Despite claims to the contrary, there are no evidence-based studies that show long-term benefits to medicinal or surgical sex change to justify the considerable and growing data showing permanent negative side-effects. Existing study surveys are inconclusive, but the trend lines are obvious as data accumulates.1 Positive outcomes last invariably three months or less.

 

Suicide rates are higher among gender transitioners than with those who naturally simply outgrow the dysphoria. 

 

Costs

 

Medicare, Medicaid, and most private health insurance cover “medically necessary” transgender drugs and surgery. At the same time, the Affordable Care Act severely curtailed payments for counseling and psychiatric hospitalization.

 

Puberty blockers cost nearly $18,000, and cross-sex hormonal treatments costs are between $160 and $250 per year (taken for life). Average out-of-pocket costs for puberty blockers are 8% of the total; hormonal treatments average 25-38%. Transgender surgery (hysterectomies, castrations, mastectomies, breast implants, and mutilating vaginal, clitoral, penile and urethral surgeries) range from $8,299 to $138,000. Out-of-pocket costs are below 10% of the total, so 90% are paid by Medicare, Medicaid or private insurance.2 

 

“Medically necessary” transgender treatments require a diagnosis of mental distress associated with gender dysphoria.
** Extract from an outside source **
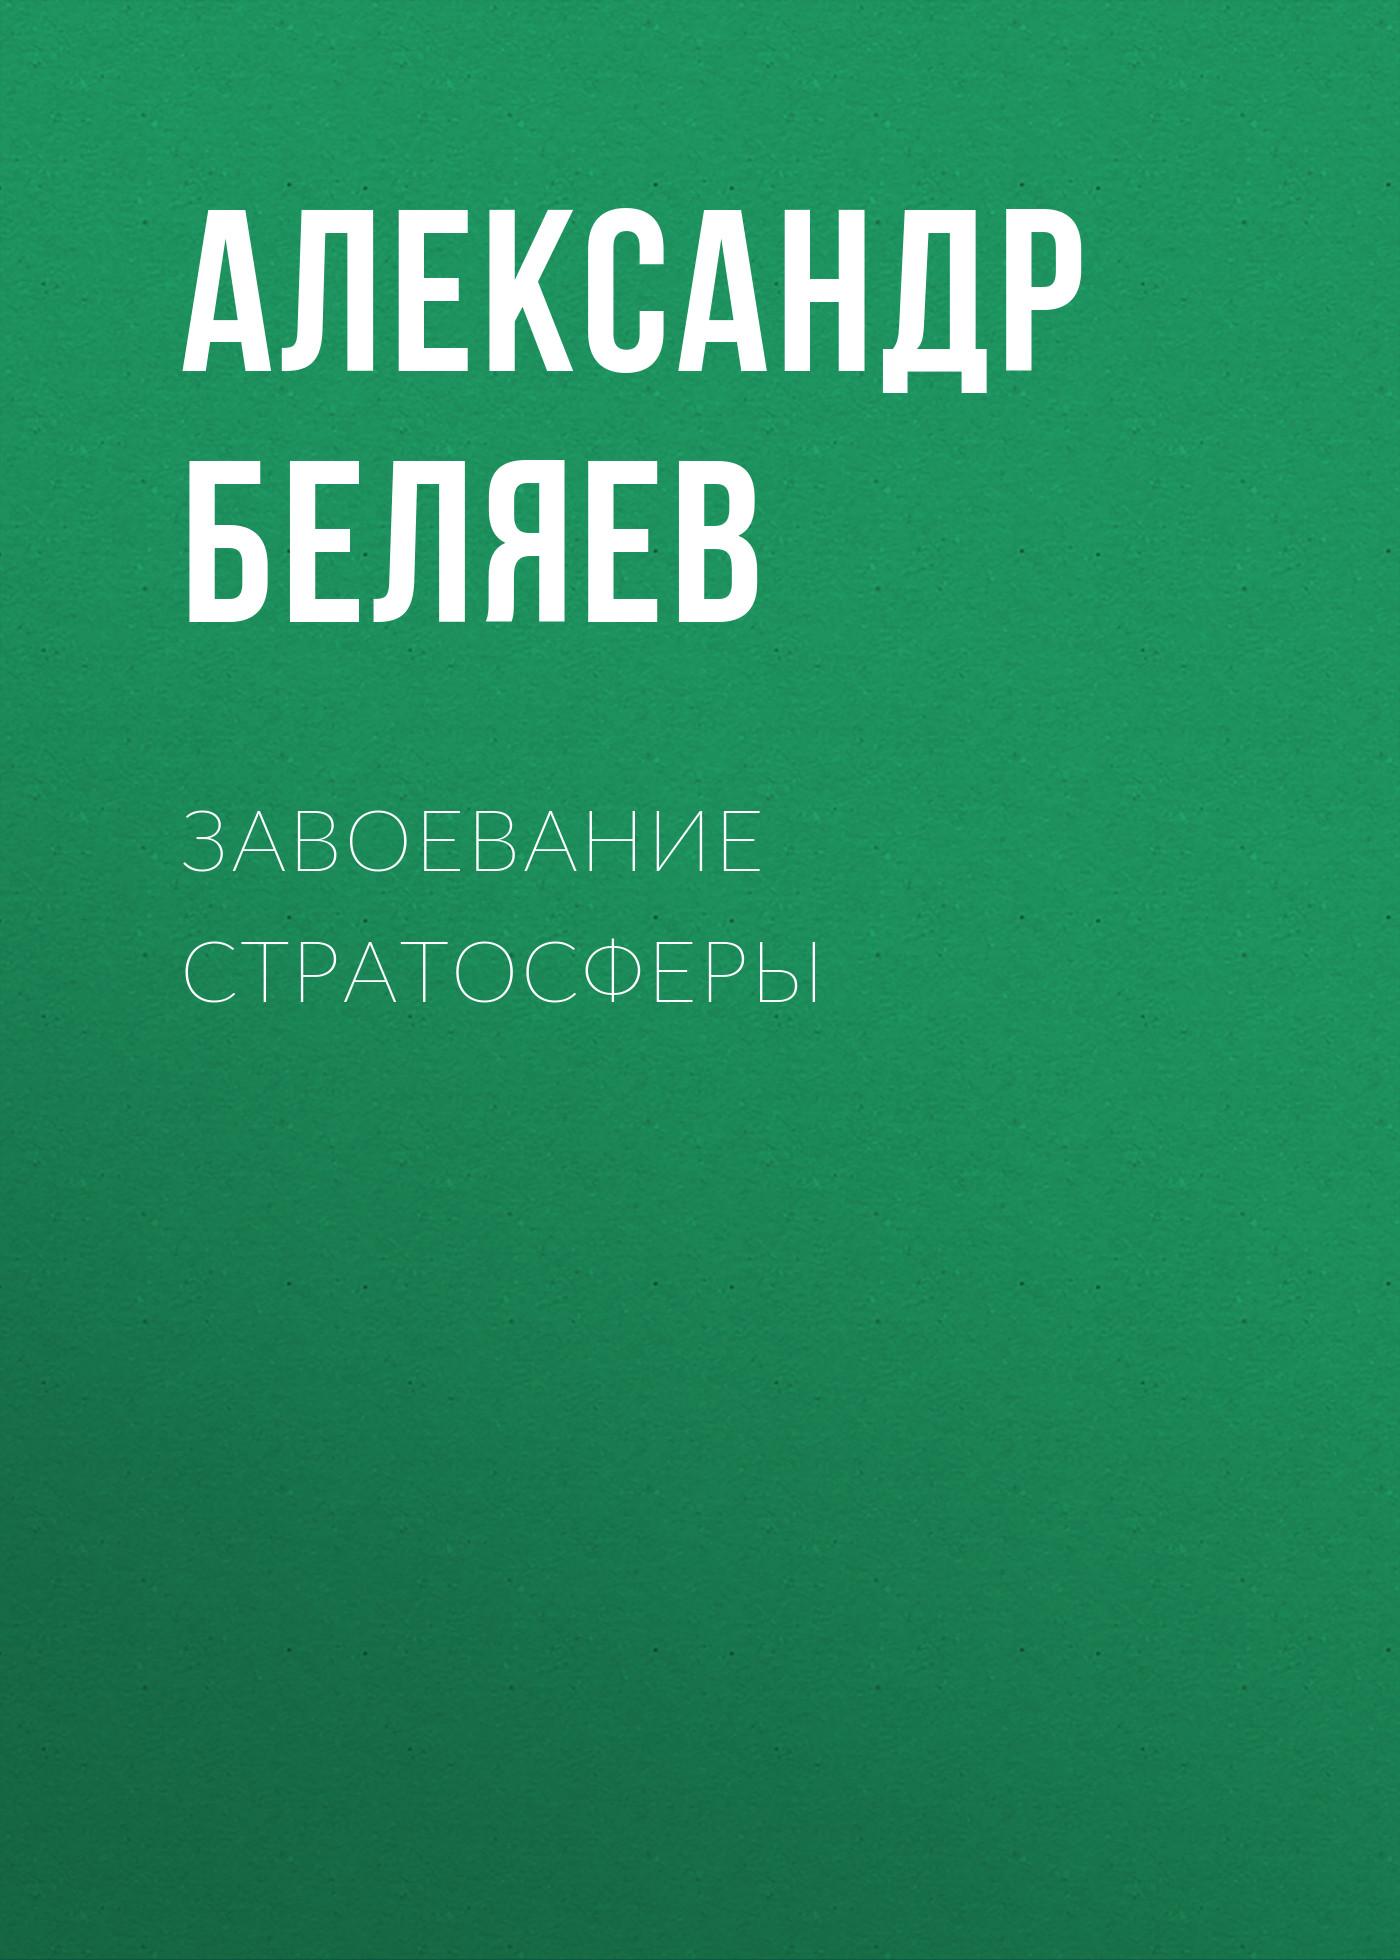 Александр Беляев Завоевание стратосферы

Therefore, the minimally invasive, most appropriate care would be psychotherapy, which is what other countries have concluded, and what they pay for. Medicaid, Medicare, and private insurance don’t pay for longer term counseling. The costs of hormone therapy go on forever, along with the never-ending costs of repeated surgeries, surgical complications, and the medical treatment of side-effects. But the low cost of counseling is a bargain compared to the extremely combined high costs of the puberty blockers and hormonal treatments (which are typically cancer chemotherapy drugs being used off-label) and surgery.

 

Tragically, Delaware’s Medicaid practitioner manual requires a relatively short period (3 months) of counseling that can be concurrent with hormonal treatment.3 Given the powerful mental effects of cross-sex hormonal (chemo)therapy, psychotherapeutic counseling should occur without these confounding drug-induced mental side-effects.

 

Shockingly, individuals with an inappropriately broad range of medical training and expertise are allowed to prescribe transgender medical treatment.4 Notably, the vast majority of these treatments are prescribed by those with the fewest years of medical training.5 As a matter of practice, many individuals outside of the mental health specialty prescribe treatment, and even school counselors with no medical training actively refer minors to prescribers.

 

These two facts alone virtually guarantee that many persons are receiving inappropriate transgender medical treatment, with all too often tragic consequences.

 

Counseling and maturation is universally acknowledged as most successful and safest treatment. Three months is not an adequate period of counseling for many; a year or more may be adequate, but full physical and mental maturation would be ideal for long-term health. Gender transitioning should be an option of last resort.

 

 

1 BMJ 2023;380:p382 http://dx.doi.org/10.1136/bmj.p382 Published: 23 February 2023

 

Baker, Kellan and Arjee Restar, ‘Utilization and Costs of Gender Affirming Care in a Commercially Insured Transgender Population’ The Journal of Law, Medicine & Ethics, 50 (2022): 456-470. Prices are averages from a sample taken from 1993-2019. These are surely higher now due to inflation, nor do they include all costs.

 

Delaware Health and Social Service, Division of Medicaid & Medical Assistance, Delaware Medical Assistance Program Practitioner Provider Specific Policy Manual, Section 18

 

Ibid

 

5 Appendix in Baker and Restar.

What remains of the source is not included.